Soon after the withdrawal last month, Deeb applied for a quarrying           license from the Ministry of the Interior. He was granted permission           to quarry for one month beginning on June 26. The license was signed           by the minister himself, Michel Murr, who could not be reached for           comment. “I can apply again at the end of the month, and get it extended,”           said Deeb. But to guard against the unlikely event that he is not approved           for an extension, he plans to quarry intensively this month and store           the sand to sell in the future. So far business has been good, and           it promises to get better as the displaced return to their villages           and start rebuilding their homes. The only drawback has been the appearance           of numerous competitors. “There is competition,” said Deeb.

As far as he knows, he added, there are about 10 sites that have opened           up in the past few weeks. “Please understand,” he said. “I’m only quarrying           where the SLA quarried before me. When I’m done, I plan to turn it           into agricultural land. I love trees and won’t destroy any.” The same           cannot be said for another quarrying site on the other side of the           hill, where a bulldozer started making its path on Wednesday through           a wooded area on a rise covered with pine trees. Only the bulldozer           operator was there ­ the lessor of the land, Jean Kariakus, was off           running errands. “There’s a lot of work ahead,” said the operator,           who asked not to be named. It was still the first day of quarrying,           and the vast area still needed to be dug up. Just below the hill lies           a green meadow filled with wildflowers. “I have to quarry down there,”           he said. Then, pointing to the hill above him, he added: “And then           all the way up there.” “Up there” was the stand of pine trees.

“Oh, we won’t chop the trees,” he said. “Only a few. All the ones           here on the ledge have to go and also the ones on the other side.”

Already, just a few hours into the quarrying, many of the trees’ roots           were uncovered and some ­ with sand having been extracted from underneath           ­ seemed about to topple over. According to the bulldozer operator,           Kariakus also has a one-month quarrying license granted by the Ministry           of the Interior. He had been running another quarry in the village           of Siniya that was shut down only two weeks ago, largely due to pressure           exerted by the environmental organization Green Line. A few months ago,           Green Line members were notified about four huge quarrying sites in           the middle of a pine-tree forest in the Jezzine villages of Haitoura,           Zahlatie and Sniya and denounced them.

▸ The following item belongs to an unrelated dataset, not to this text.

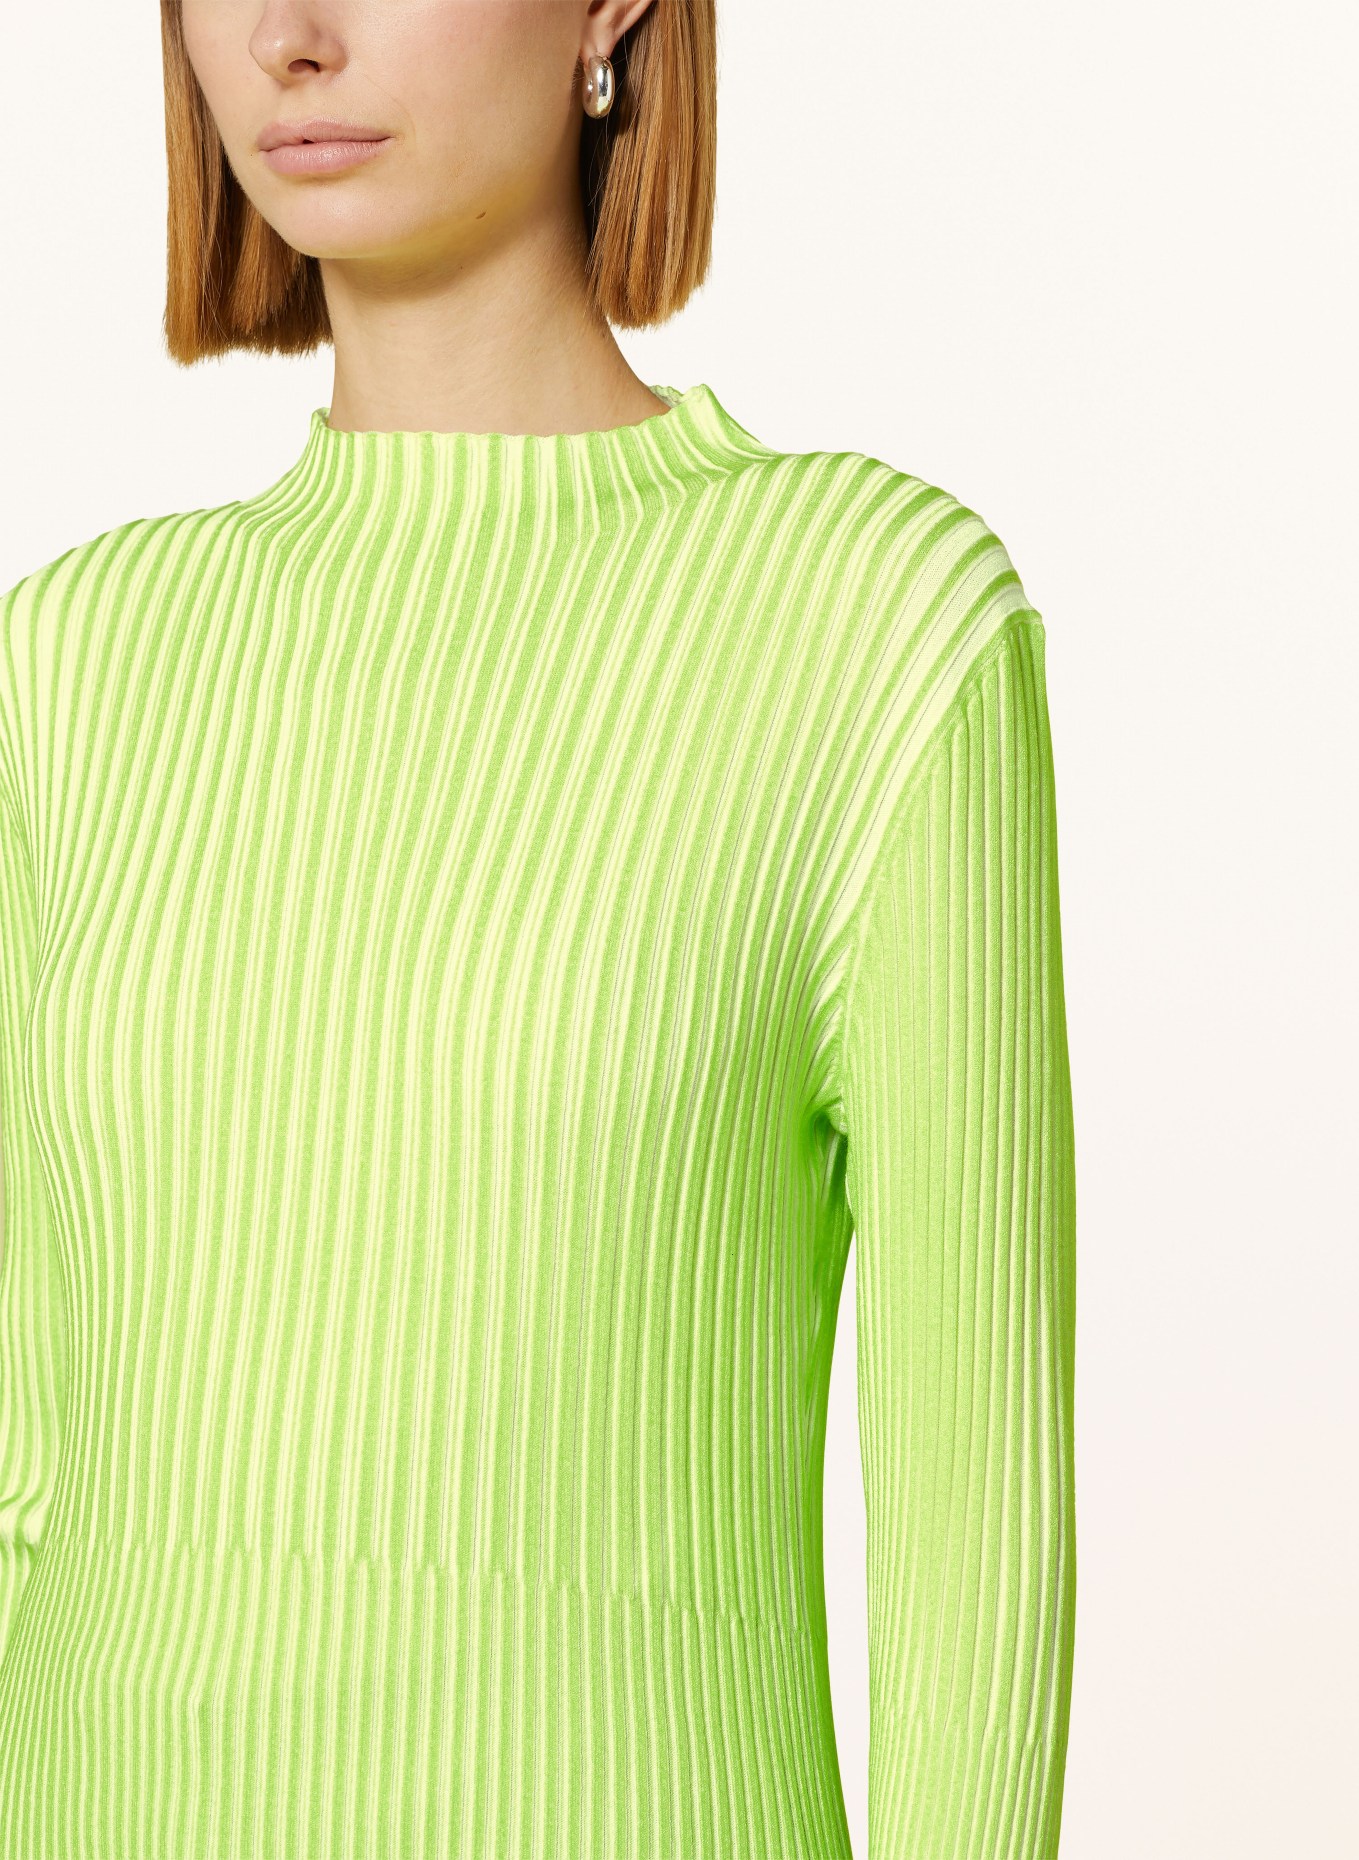 ULLI EHRLICH SPORTALM Sweater, Color: NEON GREEN/ ECRU (Image 4)

In April, Green Line held a press conference in Beirut calling on the           media to pressure the government to shut down the quarries. Ironically,           one of the quarry owners was none other than the mayor of the village           of Roum , Gergie Haddad ­ better known as Abu Ajaj. Green Line seems           to have succeeded, as three of the quarries closed down. The remaining           one is a rock quarry for Sibline company, which was founded in 1998           and licensed to operate for 10 years by the Interior Ministry. While           the Sibline quarry is still a thorn in the group’s side, Green Line’           Salman Abbas said that “if we work together and we do something about           the wrong that we see, we can exert the needed pressure and we can           close down those quarries.” But, he admitted: “It’s like playing cat           and mouse.

“We close one quarry; they open another,” he said. “It’s ridiculous           … Quarries should be organized. It’s a shame to ruin such a beautiful           area. It just doesn’t seem that this government is serious about environmental           issues.” A quarrying master plan was unveiled by former Environment           Minister Akram Chehayeb in the mid-1990s, but it has yet to be enforced.